Although domestic upward price pressures eased somewhat by early May, the prices of rice and wheat in the domestic market are still much higher than those of the preceding year. Bottlenecks in the distribution and retail marketing chain, hoarding and panic buying by consumers aggravated the domestic price situation. The administrative action by the government was largely counter-productive and failed to arrest the upward trends in prices. Despite a bumper boro harvest, there is fear of supply shortage, if the next aman is adversely affected by natural disasters.
In that case, the shortfall will have to be addressed by creating buffer stocks through higher imports. The boro procurement target of the current season is 1. 2 to1. 5 million tons, which is 50 to 80 per cent higher than average boro procurement in the last five years. At the beginning of FY08, the public food distribution system (PEDS) had a stock of 0. 6 million ton of food grains compared to one million ton recommended by National Food Policy. Despite higher imports compared to the previous year, food grain stocks of the PFDS had depleted to 0. million ton at the end of March 2008 due to higher off-take for the targeted distribution under the safety net programmes. Net food importing countries such as Bangladesh are struggling to meet domestic food demand. Surging food prices hit those most, who can afford it the least-the poor households. Households that are net buyers of food represent the large majority of the poor households. They are adversely affected. Adjustments in the rural economy, which can create new income-earning opportunities, would also take time to reach the poor.

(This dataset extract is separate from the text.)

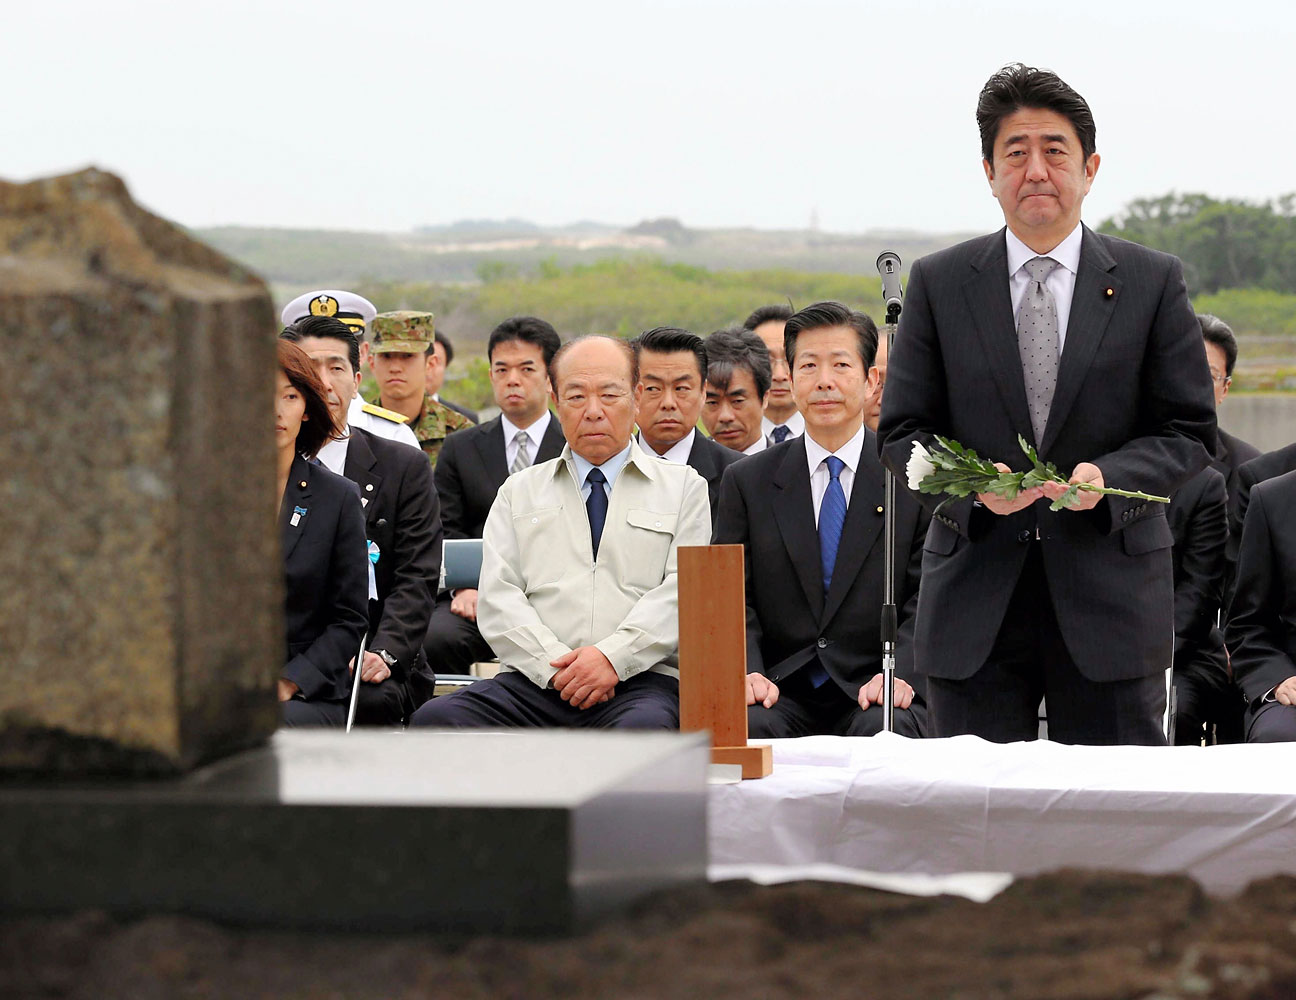 Prime Minister Abe Visit Ogasawara Islands
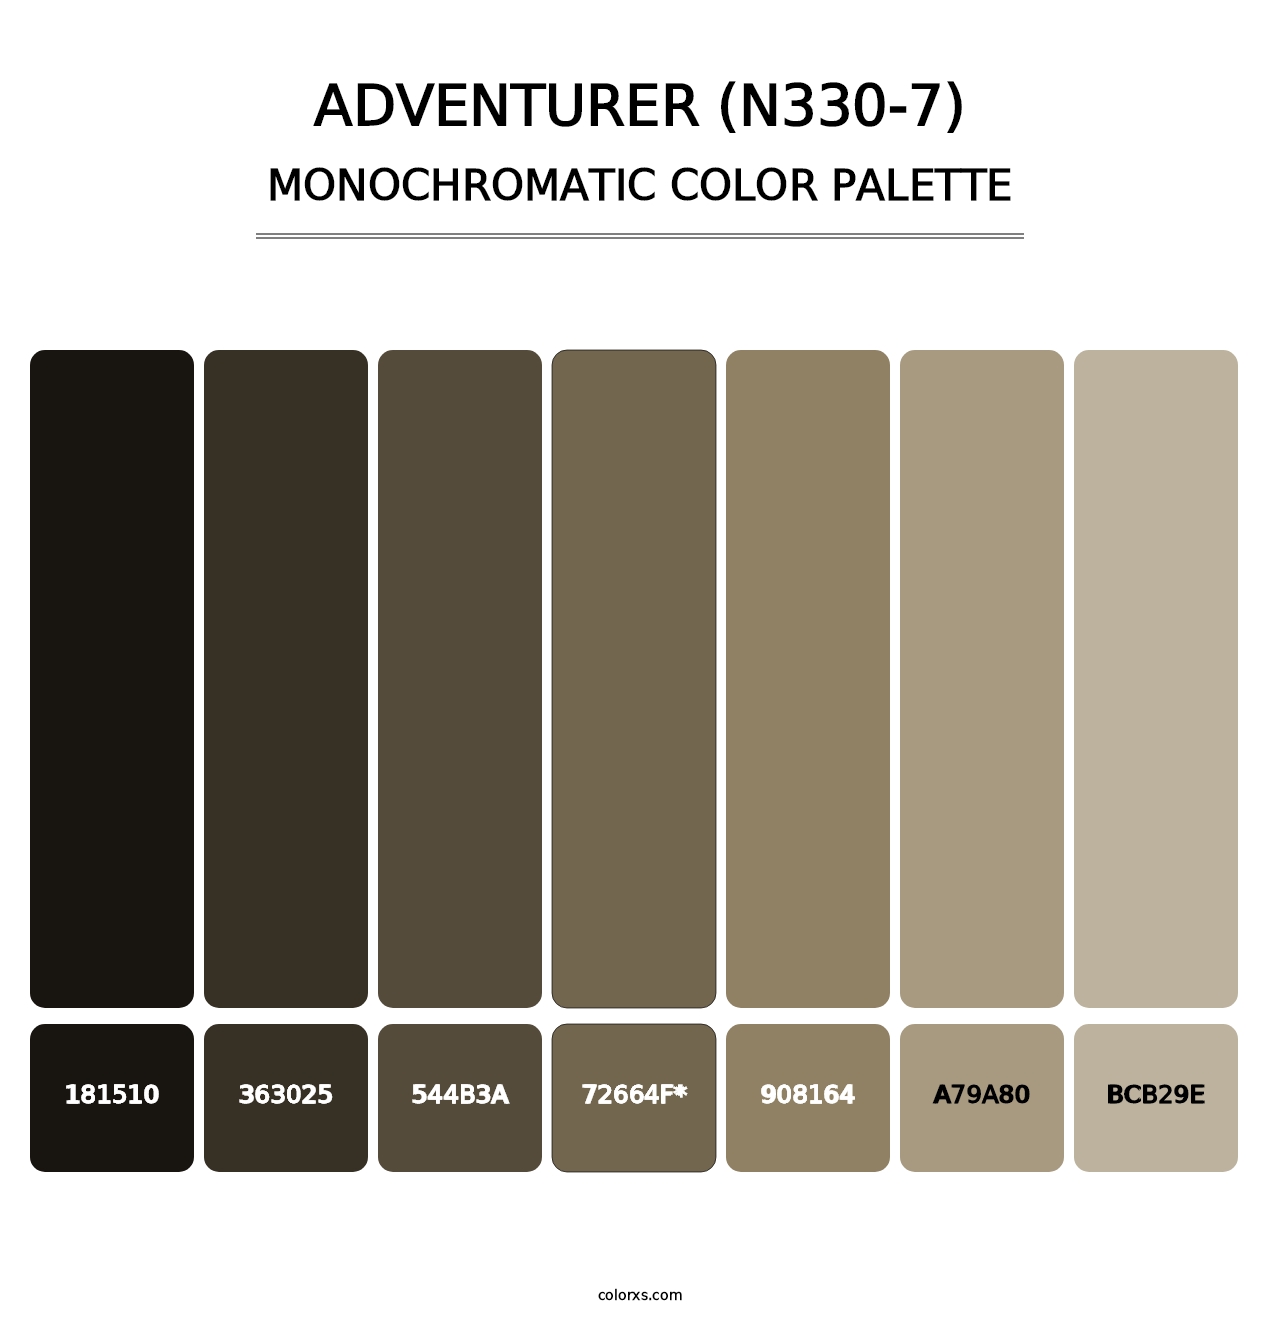 Adventurer (N330-7) - Monochromatic Color Palette

The nutrition of the poor is also at risk when they are not insulated from price increase. Higher food prices lead the poor to limit their food consumption and shift to even less balanced diets with harmful effects on their health in the short – and long-terms. High food inflation has two important implications. First, high food inflation increases the price of food-related non-food items and since higher proportion of the consumption basket of the poor in Bangladesh is allocated to food items, the poor have to buy some food items at higher prices.